Today, The Guardian released the results of its own meta-analysis and, if anything, the report is even more troubling. Reviewing 44 studies that looked at restaurants, markets, and fishmongers in over 30 countries, the newspaper found that 36 percent of over 9,000 products were mislabeled. And the issue isn't just afflicting other parts of the world: Of the countries included, the United States was the third worst, with 38 percent of seafood mislabeled—behind only the United Kingdom and Canada (both of which had an appalling 55 percent mislabeling rate).

fresh fish at fish market
Getty Images / iStockphoto

The problem goes beyond ill-informed grocery shoppers, as well. One study published in 2018 collected samples from 180 restaurants across 23 European countries and found that a third of those restaurants had sold mislabeled seafood—with the odds of some menu items being authentic equal to a coin toss.
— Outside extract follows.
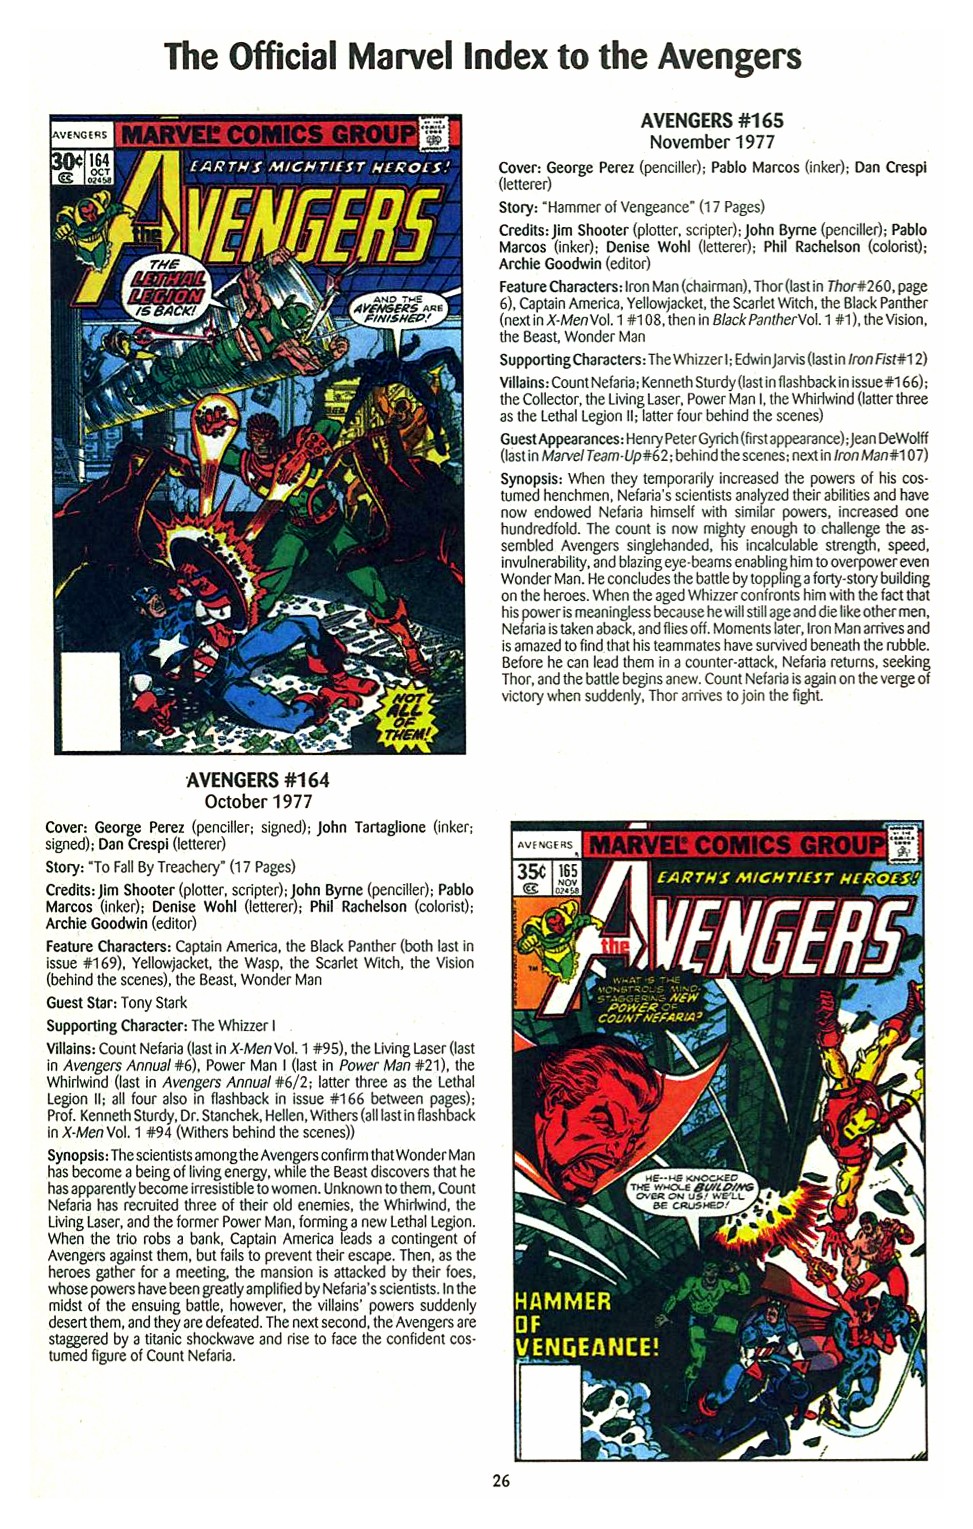 Read online The Official Marvel Index to the Avengers comic -  Issue #3 - 28

The Guardian did add a few qualifiers to its report. "The studies in question sometimes target species known to be problematic, meaning it is inaccurate to conclude that 36 percent of all global seafood is necessarily mislabeled," reporter Stephen Leahy explained. "Nor are fish always deliberately mislabeled—although the huge majority of substitutions involved lower-priced fish replacing higher-priced ones, indicating fraud rather than carelessness."

Still, the big takeaway from The Guardian's report is something anyone who has been following this issue probably already guessed: Seafood fraud is an problem nearly as vast as the ocean—and proving especially difficult to navigate.